Goal of the exercise —
Keep to one stretch of the data below, the lines from the one with "Breville Pizzaiolo Smart" up to and including the one with "Kaczki - Jan Brzechwa", and return that stretch exactly.
(Beginning of Excerpted data)
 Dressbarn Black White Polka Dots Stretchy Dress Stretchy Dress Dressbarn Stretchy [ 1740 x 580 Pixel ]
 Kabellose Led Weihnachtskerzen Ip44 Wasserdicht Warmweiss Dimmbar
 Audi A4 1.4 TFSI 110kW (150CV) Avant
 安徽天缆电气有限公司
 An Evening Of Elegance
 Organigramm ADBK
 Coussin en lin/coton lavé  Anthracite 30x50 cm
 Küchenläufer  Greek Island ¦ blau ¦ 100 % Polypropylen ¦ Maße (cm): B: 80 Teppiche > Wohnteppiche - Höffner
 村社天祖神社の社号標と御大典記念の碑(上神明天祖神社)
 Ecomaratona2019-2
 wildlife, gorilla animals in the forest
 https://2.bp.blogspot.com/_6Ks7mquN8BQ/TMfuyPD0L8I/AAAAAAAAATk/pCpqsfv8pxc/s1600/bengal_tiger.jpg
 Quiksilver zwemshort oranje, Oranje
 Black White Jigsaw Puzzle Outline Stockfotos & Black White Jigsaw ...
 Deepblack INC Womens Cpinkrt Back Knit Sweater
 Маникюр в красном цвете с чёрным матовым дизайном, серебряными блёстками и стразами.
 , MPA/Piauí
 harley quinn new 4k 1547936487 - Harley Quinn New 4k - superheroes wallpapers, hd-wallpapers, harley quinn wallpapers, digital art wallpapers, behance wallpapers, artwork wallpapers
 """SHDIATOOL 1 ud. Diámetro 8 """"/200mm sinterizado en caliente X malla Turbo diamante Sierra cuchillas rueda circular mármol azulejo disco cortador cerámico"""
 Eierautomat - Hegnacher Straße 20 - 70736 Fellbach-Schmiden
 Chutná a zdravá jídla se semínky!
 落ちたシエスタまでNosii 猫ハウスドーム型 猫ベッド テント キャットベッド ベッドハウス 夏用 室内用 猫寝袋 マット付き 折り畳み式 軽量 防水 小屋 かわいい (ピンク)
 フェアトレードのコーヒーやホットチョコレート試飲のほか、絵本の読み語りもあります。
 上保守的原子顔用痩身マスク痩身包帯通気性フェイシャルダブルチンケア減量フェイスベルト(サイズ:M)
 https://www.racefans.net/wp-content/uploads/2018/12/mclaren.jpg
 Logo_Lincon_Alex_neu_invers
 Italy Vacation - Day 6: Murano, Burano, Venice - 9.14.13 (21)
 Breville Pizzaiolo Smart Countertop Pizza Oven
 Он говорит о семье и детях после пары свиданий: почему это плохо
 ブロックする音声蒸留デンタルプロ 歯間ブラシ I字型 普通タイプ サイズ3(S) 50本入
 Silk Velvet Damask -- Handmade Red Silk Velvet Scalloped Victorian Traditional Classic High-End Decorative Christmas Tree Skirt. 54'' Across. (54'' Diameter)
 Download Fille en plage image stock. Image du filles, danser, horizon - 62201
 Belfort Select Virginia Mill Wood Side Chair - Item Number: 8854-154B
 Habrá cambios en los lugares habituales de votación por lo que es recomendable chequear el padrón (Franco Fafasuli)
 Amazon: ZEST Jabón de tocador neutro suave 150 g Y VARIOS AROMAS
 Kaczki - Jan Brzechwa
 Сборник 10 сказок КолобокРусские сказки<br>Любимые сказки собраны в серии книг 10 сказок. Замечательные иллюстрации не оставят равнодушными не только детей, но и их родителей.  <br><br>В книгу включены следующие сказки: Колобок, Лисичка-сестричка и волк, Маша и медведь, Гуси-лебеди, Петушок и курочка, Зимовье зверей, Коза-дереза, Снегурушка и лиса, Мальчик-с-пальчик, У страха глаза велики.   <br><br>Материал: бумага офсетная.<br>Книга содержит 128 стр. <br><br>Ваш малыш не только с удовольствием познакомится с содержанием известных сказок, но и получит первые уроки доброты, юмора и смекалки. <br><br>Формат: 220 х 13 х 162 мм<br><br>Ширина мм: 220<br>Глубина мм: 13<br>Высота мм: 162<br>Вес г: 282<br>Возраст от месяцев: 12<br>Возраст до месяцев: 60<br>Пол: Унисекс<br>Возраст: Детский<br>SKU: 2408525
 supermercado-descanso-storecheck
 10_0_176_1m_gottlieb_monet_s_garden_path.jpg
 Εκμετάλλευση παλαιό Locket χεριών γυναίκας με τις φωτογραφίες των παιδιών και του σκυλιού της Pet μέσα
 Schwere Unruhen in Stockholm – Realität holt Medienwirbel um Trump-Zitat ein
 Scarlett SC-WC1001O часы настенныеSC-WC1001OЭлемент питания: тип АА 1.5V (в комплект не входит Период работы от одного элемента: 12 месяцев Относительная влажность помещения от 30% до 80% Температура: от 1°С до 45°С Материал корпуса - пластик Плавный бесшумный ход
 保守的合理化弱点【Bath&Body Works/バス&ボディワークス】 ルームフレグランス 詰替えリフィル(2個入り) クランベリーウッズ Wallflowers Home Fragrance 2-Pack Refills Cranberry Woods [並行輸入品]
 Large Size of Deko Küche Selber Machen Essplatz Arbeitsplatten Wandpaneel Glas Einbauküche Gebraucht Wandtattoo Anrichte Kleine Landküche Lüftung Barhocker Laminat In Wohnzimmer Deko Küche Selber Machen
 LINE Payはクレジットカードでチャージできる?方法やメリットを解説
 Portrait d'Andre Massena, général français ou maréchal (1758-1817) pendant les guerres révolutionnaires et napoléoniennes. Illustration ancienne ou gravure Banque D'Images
(End of Excerpted data)
Answer space —
 Breville Pizzaiolo Smart Countertop Pizza Oven
 Он говорит о семье и детях после пары свиданий: почему это плохо
 ブロックする音声蒸留デンタルプロ 歯間ブラシ I字型 普通タイプ サイズ3(S) 50本入
 Silk Velvet Damask -- Handmade Red Silk Velvet Scalloped Victorian Traditional Classic High-End Decorative Christmas Tree Skirt. 54'' Across. (54'' Diameter)
 Download Fille en plage image stock. Image du filles, danser, horizon - 62201
 Belfort Select Virginia Mill Wood Side Chair - Item Number: 8854-154B
 Habrá cambios en los lugares habituales de votación por lo que es recomendable chequear el padrón (Franco Fafasuli)
 Amazon: ZEST Jabón de tocador neutro suave 150 g Y VARIOS AROMAS
 Kaczki - Jan Brzechwa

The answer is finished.